A novel artifact for testing large coordinate measuring machines

We present a high-accuracy artifact useful for the evaluation of large CMMs. This artifact can be physically probed by the CMM in contrast to conventional techniques that use such purely optical methods as laser interferometers. The system can be used over large distances; for example, over 4 meters, with an uncertainty of less than one part per million. The artifact is relatively inexpensive, robust for use in reasonable industrial environments, and significantly reduces testing time over traditional step gauge measurements.

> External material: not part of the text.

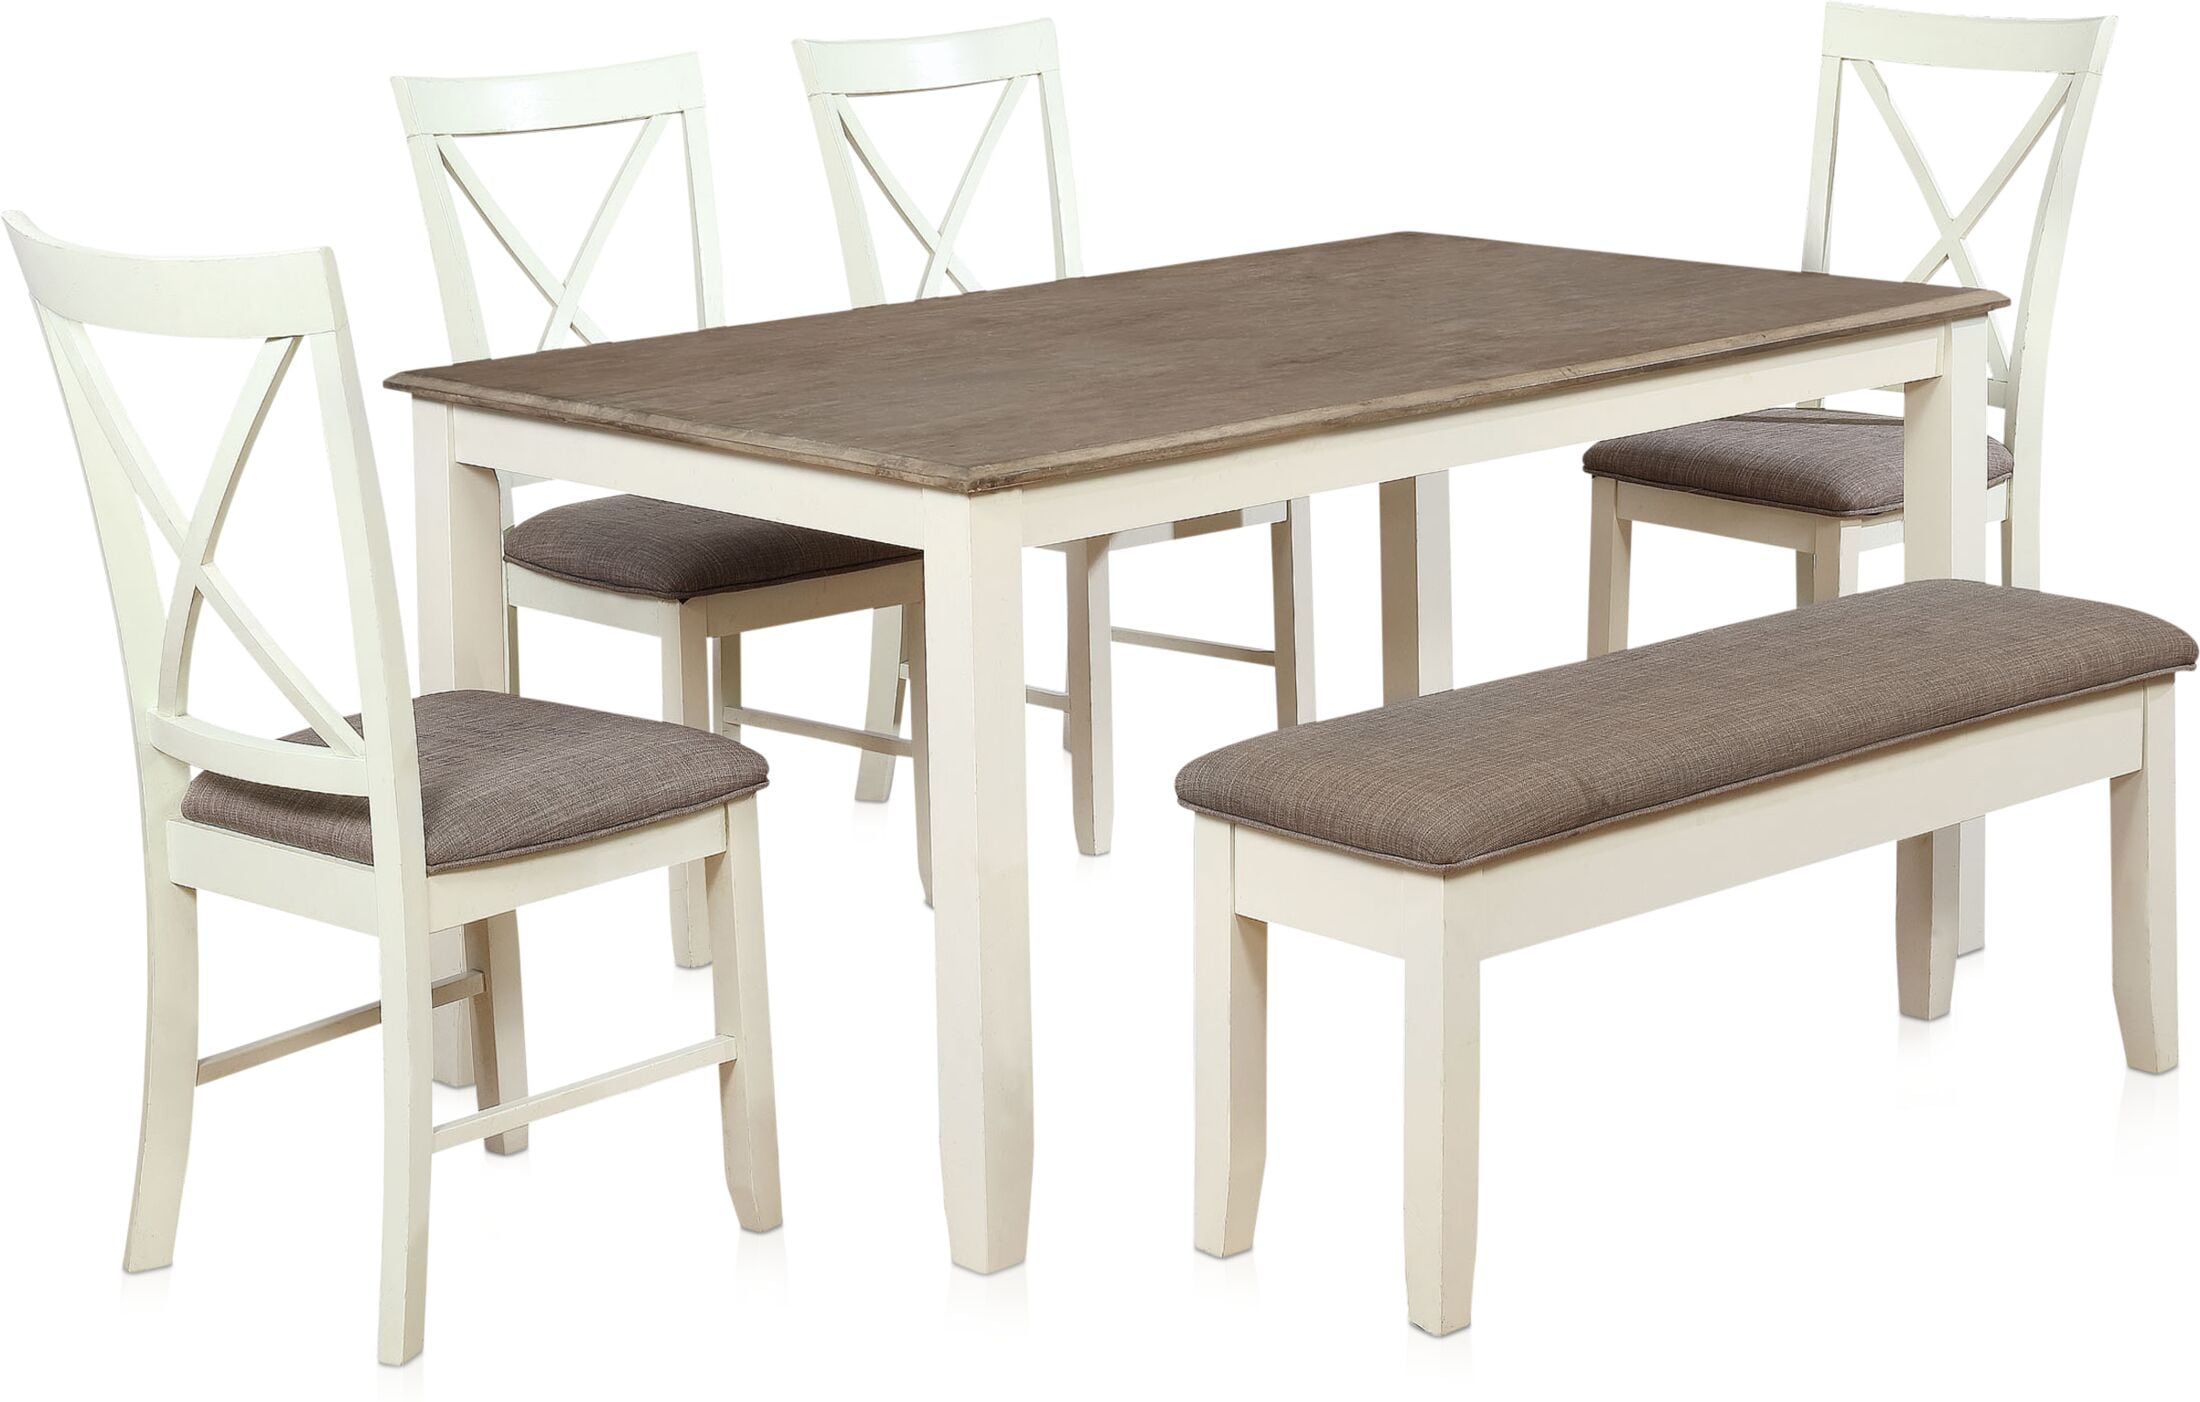 Bassett Dining Table 4 Chairs And Bench Value City Furniture
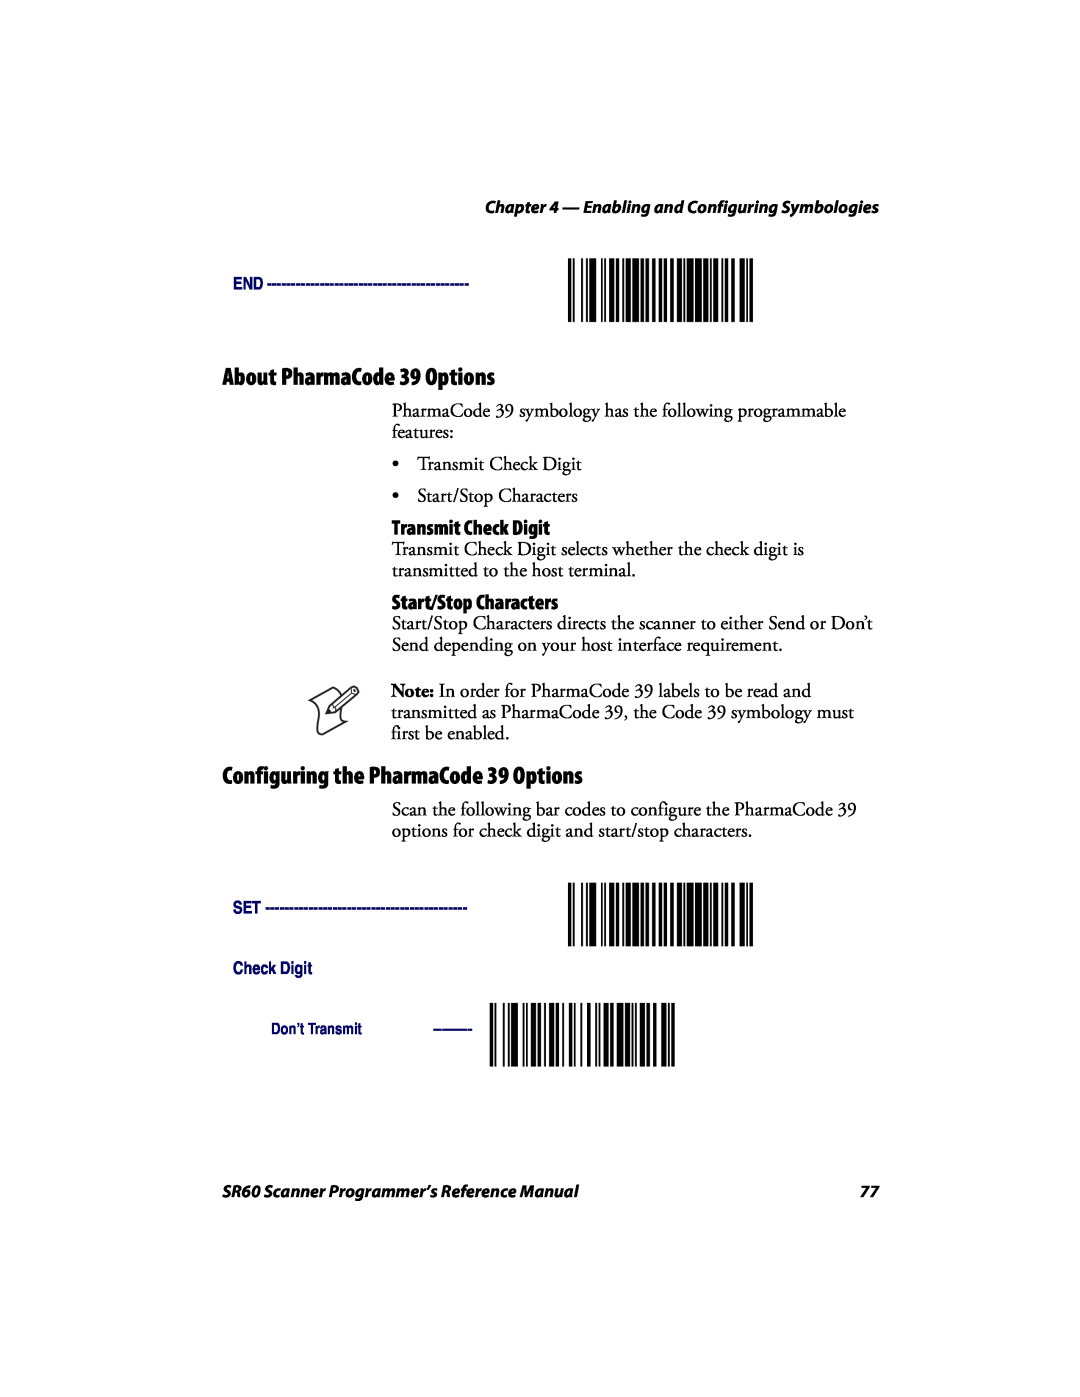 Intermec SR60 manual About PharmaCode 39 Options, Configuring the PharmaCode 39 Options, Transmit Check Digit

Assessing ranging errors as a function of azimuth in laser trackers and tracers

Tilt and radial error motion of a laser tracker head as it spins about the two rotation axes result in small but measurable ranging and angle errors. The laser tracer, on the other hand, measures range with respect to the center of a high quality stationary sphere. It is therefore not expected to be influenced by the radial error motions of the carriage that carries the optics and the source, but the form error of the reference sphere and possibly the eccentricity in its placement with respect to the circular path traced by the carriage will be contributors to the ranging errors. In this paper, we describe experiments to assess the magnitude of these ranging errors as a function of the azimuth angle in different laser trackers and a laser tracer.

Properties of free-standing ball bar systems

Abstract This article offers recommendations to coordinate-measuring machine (CMM) buyers, sellers, and users on the design of free-standing ball bar systems used to evaluate the volumetric performance of CMMs according to the ANSI/ASME B89.1.12M standard. These systems are more widely used today than earlier methods such as magnetic ball bars. In this article we study the general design requirements, mechanical deformations under gravity and probing forces, vibrational considerations, and thermal effects on free-standing ball bar systems. We conclude with a summary of the issues in ball bar design, which must be considered in order to maintain an artifact error budget of ∼1 μm.

Performance evaluation of laser trackers

The American Society for Mechanical Engineers (ASME) recently released the ASME B89.4.19 Standard [1] on performance evaluation of spherical coordinate instruments such as laser trackers. At the National Institute of Standards and Technology (NIST), we can perform the complete set of tests described in the Standard, and have done so for a variety of laser trackers. We outline the tests described in the Standard, discuss our capabilities at the large-scale coordinate metrology group, and present results from B89.4.19 tests conducted on a few trackers. We also outline an analysis approach that may be used to evaluate the sensitivity of any measurement, including the tests described in the B89.4.19 Standard, to different geometric misalignments in trackers. We discuss how this approach may be useful in determining optimal placement of reference lengths to be most sensitive to different geometric misalignments.